1. Introduction
2. Full-Depth Reclamation (FDR) Process
3. Laboratory Mix Design of FDR-foam Mixture
3.1 Materials
3.2 Determination of Optimum Foaming Water Content
3.3 Determination of Optimum Foamed Asphalt Content
4. Mix Design Results
4.1 Optimum Foaming Water Content
4.2 Optimum Foamed Asphalt Content
5. Field Application of CIR-foam Mixtures
6. Conclusions
1. Introduction
Csanyi (1960) developed the original foaming process for full-depth reclamation (FDR) projects, which consisted of injecting steam into hot asphalt binder through a specially designed nozzle so that asphalt is ejected as foam. Because of the comparatively low cost of asphalt binder and the availability of virgin aggregates, the process was not widely used until 1968 when Mobil Oil Australia modified the original process by using cold water rather than steam for practical foaming operations in the field. A controlled flow of cold water was introduced into a hot asphalt stream, passed through a suitable mixing chamber, and then delivered through an appropriate nozzle as asphalt foam. During the foaming process, the asphalt binder's original volume could increase up to twenty times and the foamed asphalt binder with a low viscosity in a temporary state could be mixed with RAP materials at room temperature.
The use of foamed asphalt technology has limited application because of the difficulty in foaming the asphalt binder and the lack of a standardized mix design procedure. The technology has gained popularity in full-depth reclamation with foamed asphalt (FDR-foam) projects in Europe as well as in the Republic of South Africa due to the scarcity of paving materials in those geographical areas. Additionally, the little evaporation of volatiles from the foamed asphalt mix and the minimal runoff or leaching from stockpiles of the asphalt mixture have led to the process being viewed as environmentally friendly.
In this case study, the laboratory mix design is conducted to determine the optimum foaming water content needed to produce the best foam properties and the optimum foamed asphalt content to produce the best FDR-foam mixture.
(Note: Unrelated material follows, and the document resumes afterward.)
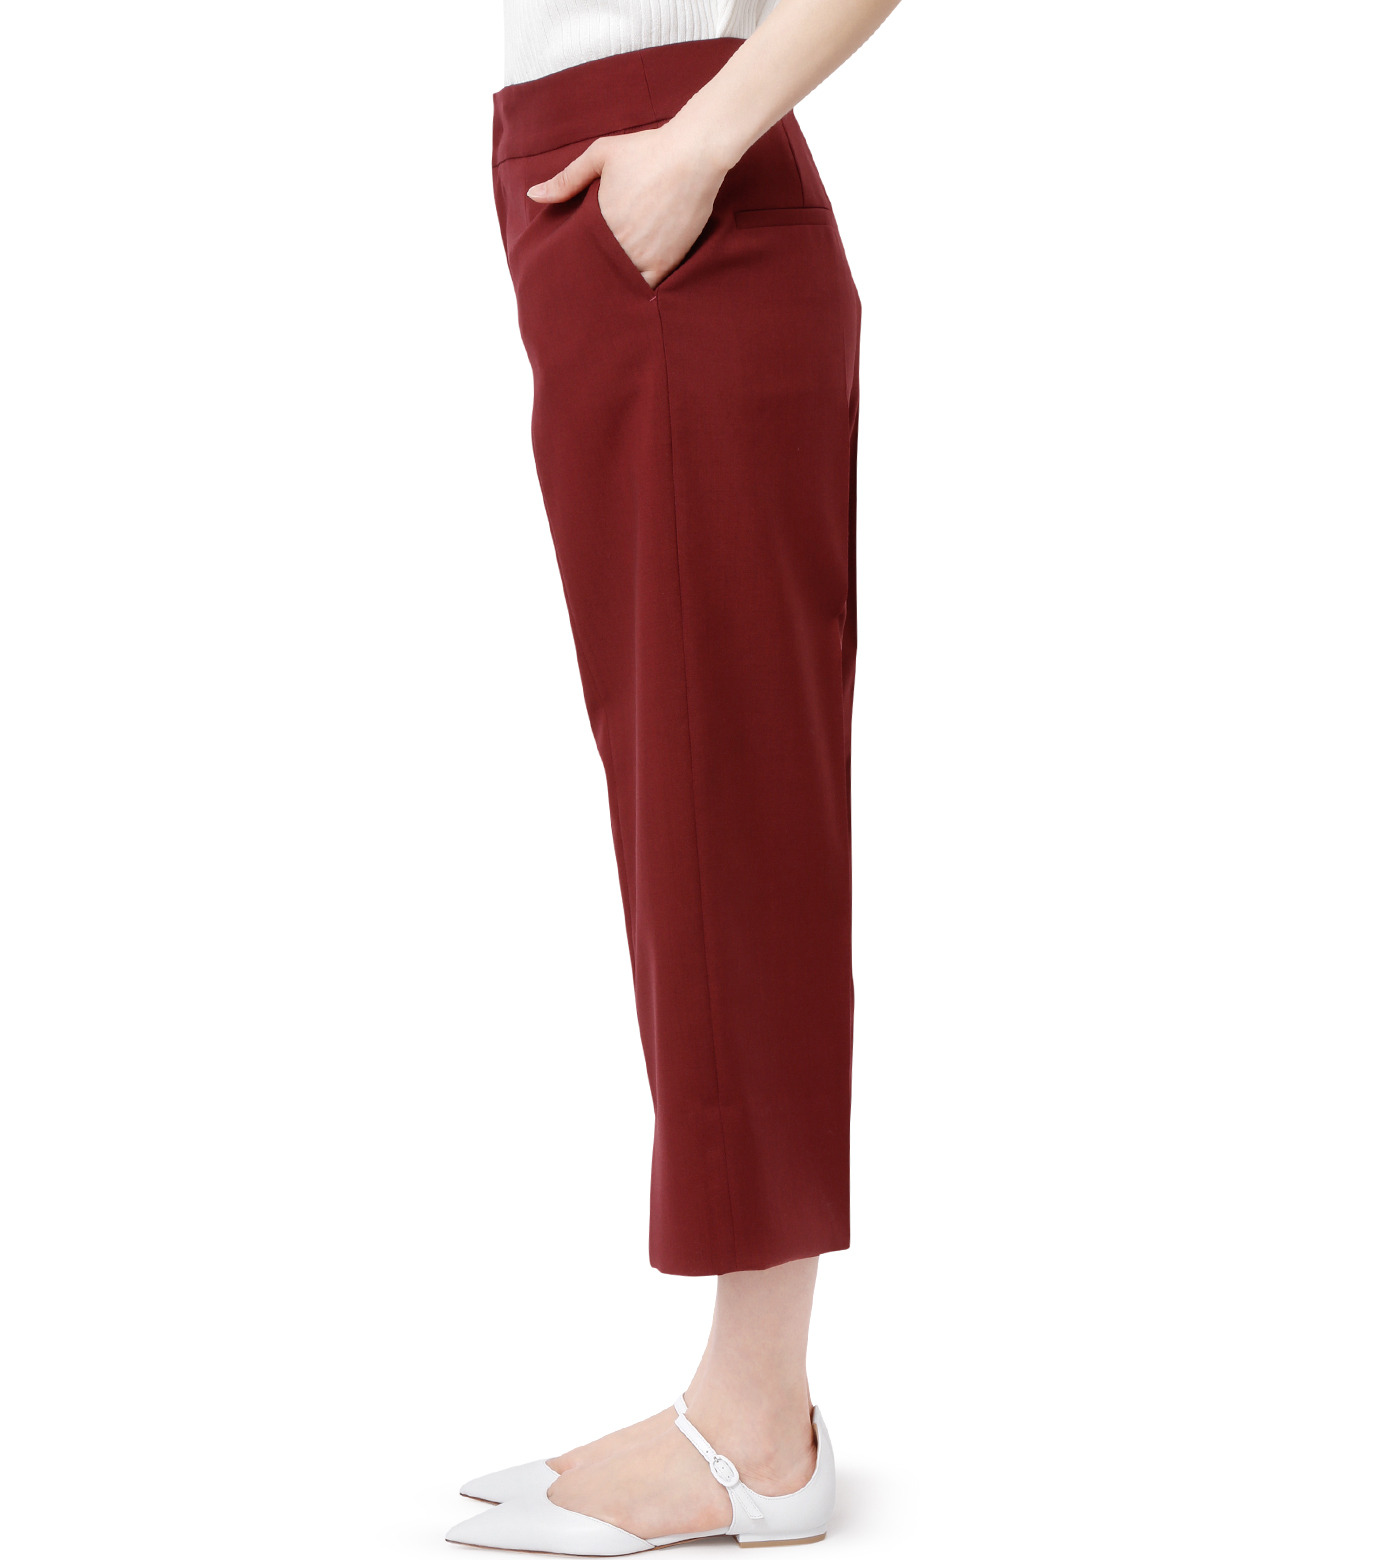 LE CIEL BLEU(ルシェルブルー)のサマーウールストレートパンツ-BORDEAUX(パンツ/pants)-18A68001 拡大詳細画像2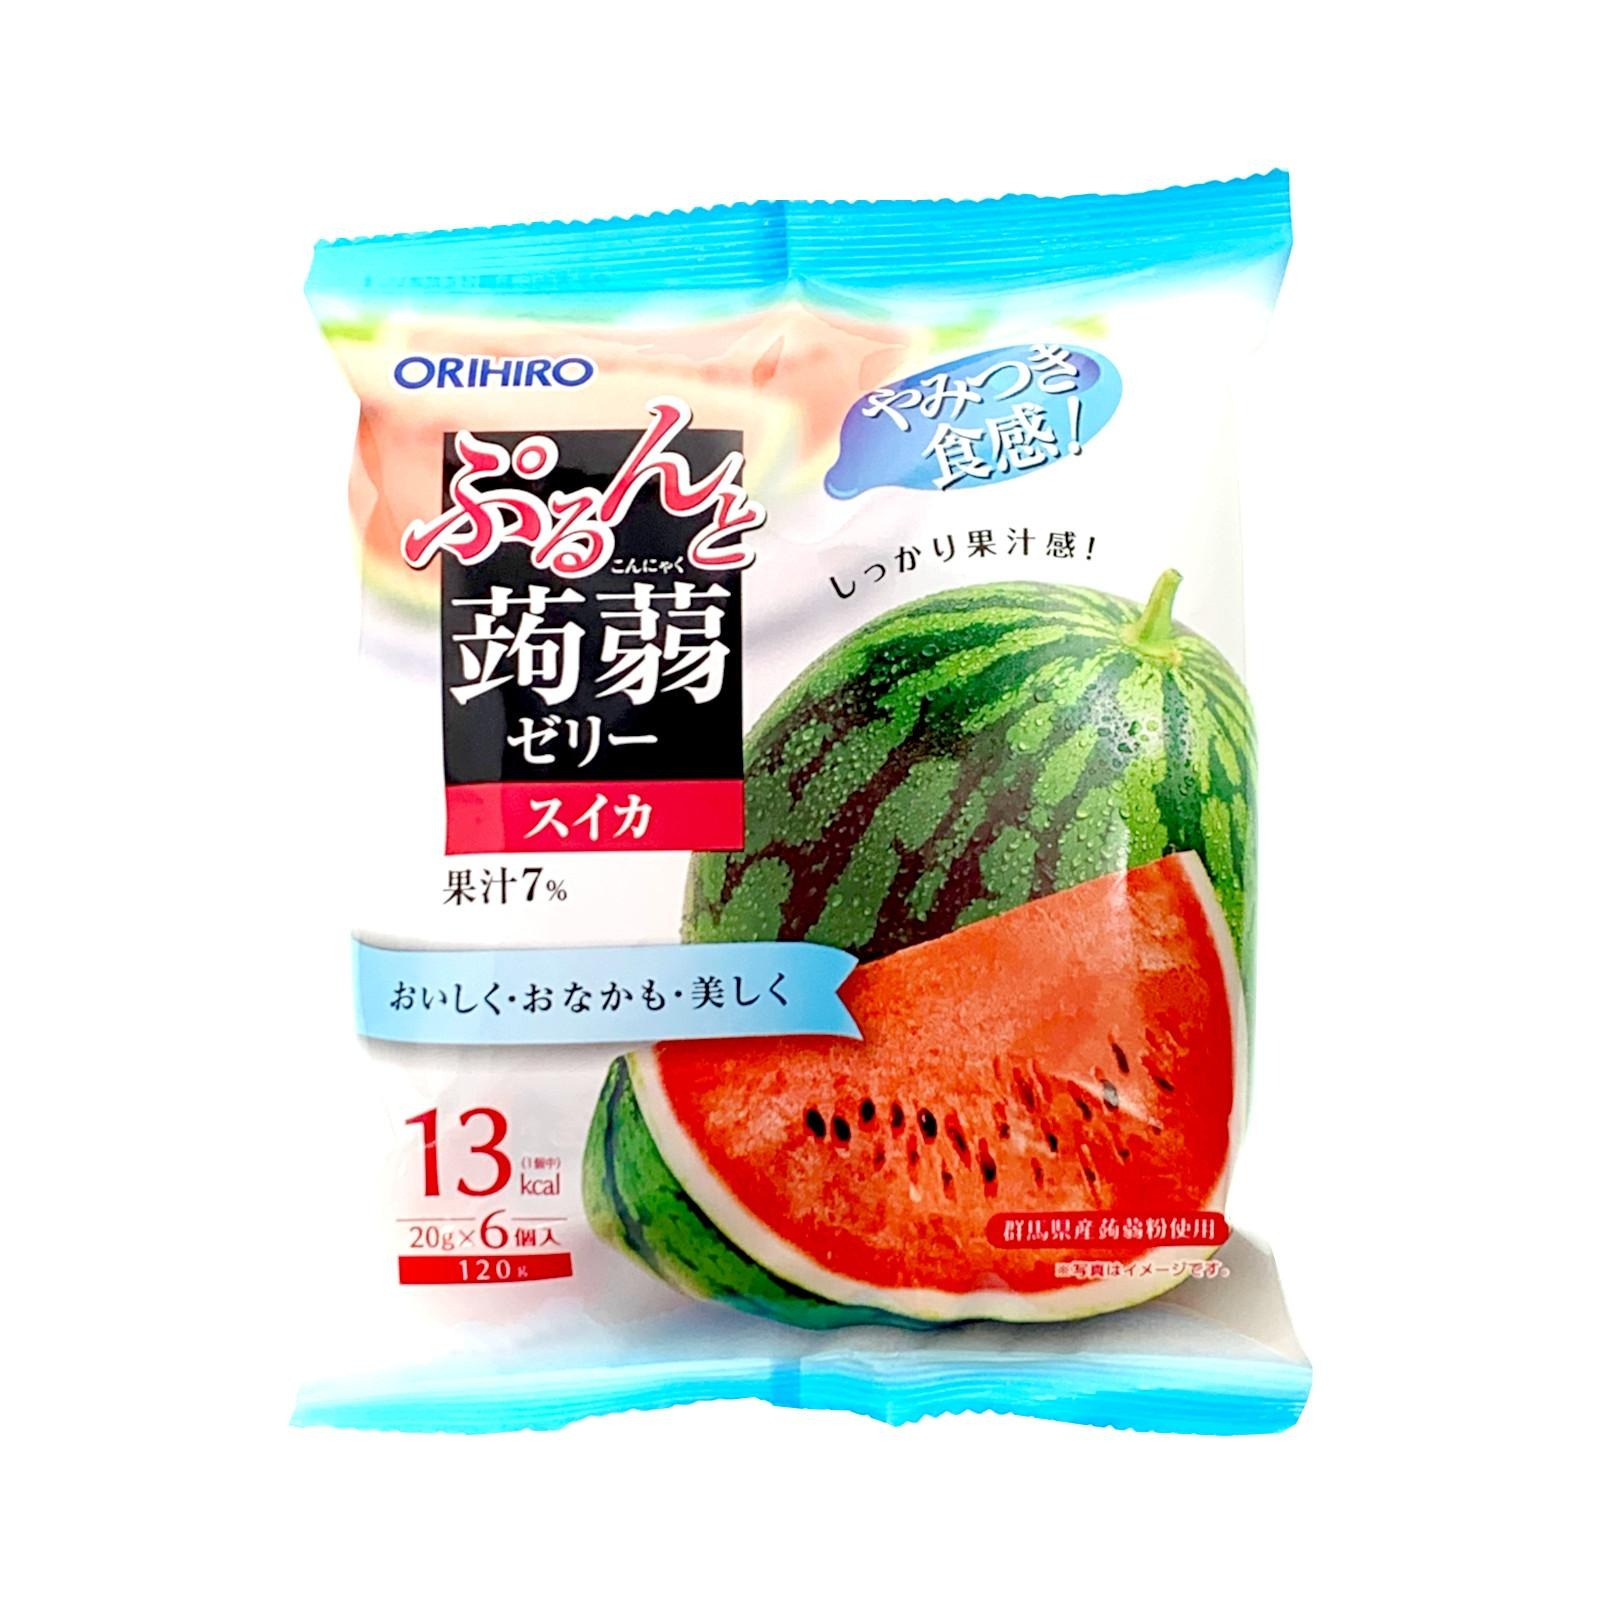 Orihiro Purun To Konnyaku Jelly Watermelon

2. Full-Depth Reclamation (FDR) Process
Reeder et al. (2019) defined that full-dept reclamation (FDR) is a rehabilitation process of existing asphalt pavement. As shown in Fig. 1, a conventional FDR process begins with using a road reclaimer to pulverize an existing asphalt pavement and a portion of the underlying base, subbase, and/or subgrade. By using in-place existing asphalt pavement, FDR does not require the existing pavement to be removed from the site. FDR also reduces the amount of new material to be hauled to the site compared with methods that require granular material to be trucked to the site. By limiting the effort involved in removing and disposing of existing material and in hauling and placing new material, FDR saves time and money, minimizing hauling and labor costs compared with remove-and-replace construction methods.
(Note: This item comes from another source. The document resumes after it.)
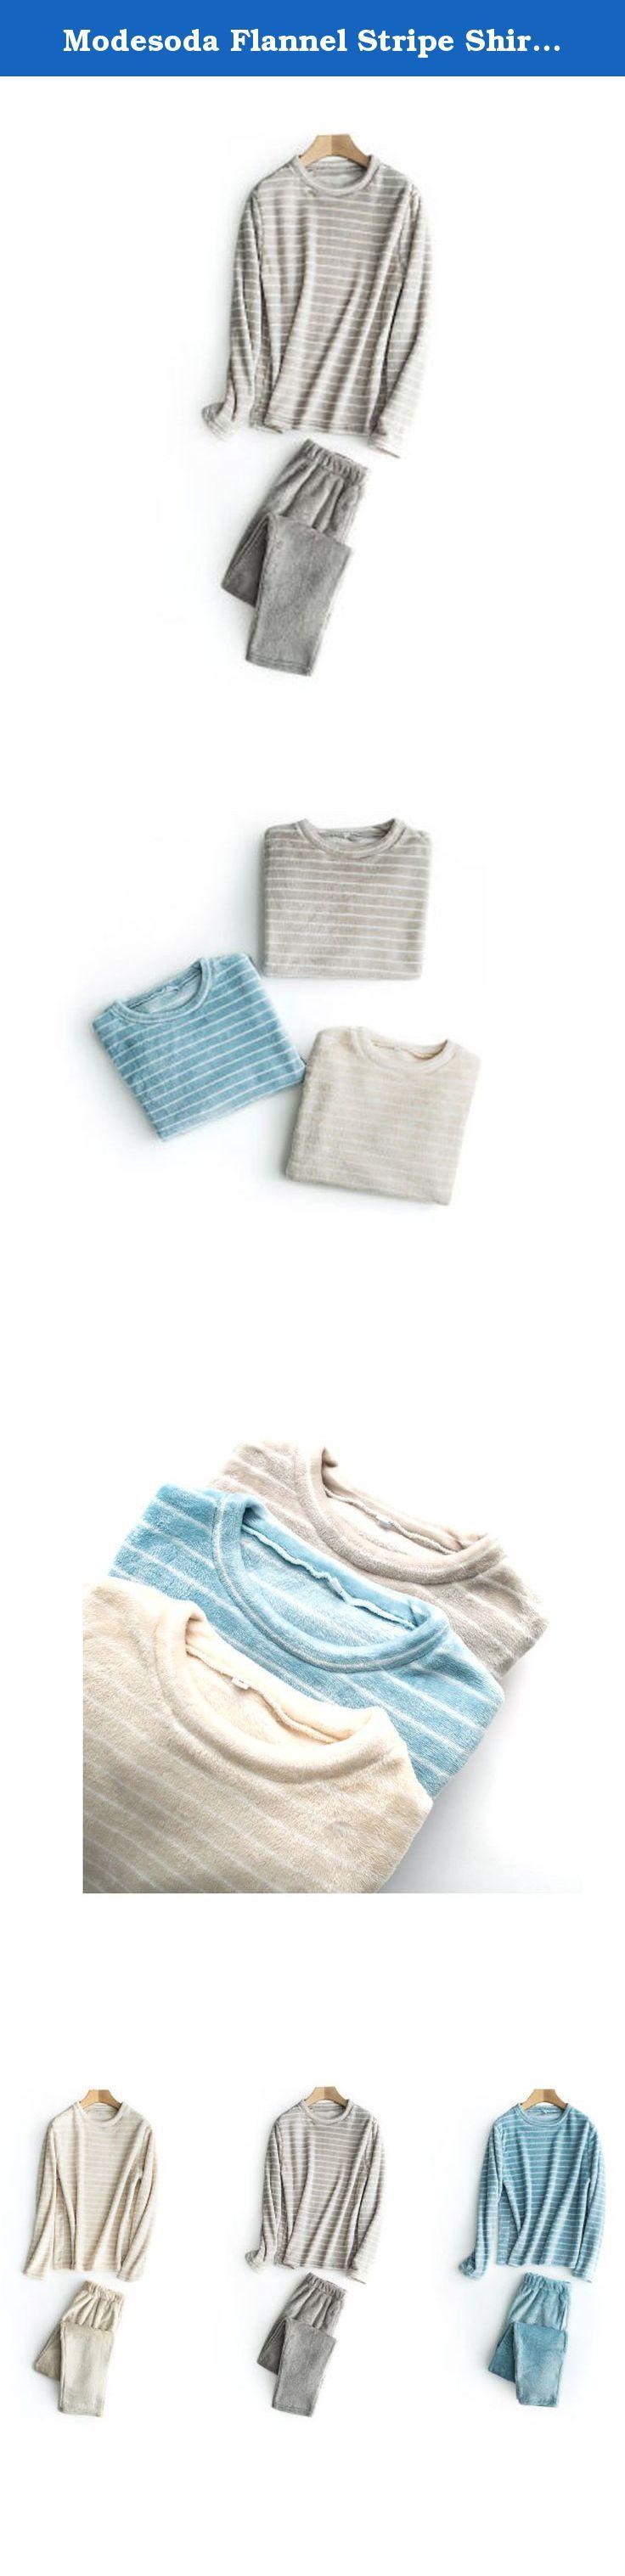 "Modesoda Flannel Stripe Shirt Thermal Pajamas Set Nightdress. Size Chart for Women: S: bust 37"",waist 26-38"",hip 43"",top length 25"",pants length 38"" M: bust 39"",waist 28-39"",hip 44"",top length 26"",pants length 39"" Size Chart for Men: S: bust 37"",waist 26-38"",hip 43"",top length 25"",pants length 38"" M: bust 43"",waist 29-39"",hip 48"",top length 27"",pants length 40""."

However, a conventional FDR process has a drawback in that the gradation of the milled RAP materials can not be controlled in place. In addition, the uniform distribution of foamed asphalt can not be guaranteed in the field. To take advantage of the controlled batch process, while minimizing transportation costs, the modern Cold mobile-batch recycling (CMR) equipment has recently been introduced, as shown in Fig. 2. The CMR is a cold asphalt batch plant that folds up into a semi-trailer. The CMR is to transport from site to site and can be set up easily without laying a foundation of any kind, saving transportation time and costs. Various cold mixtures can be made from wide range of different materials such as new aggregate, RAP materials, foamed asphalt, emulsified asphalt, Portland cement, and soil.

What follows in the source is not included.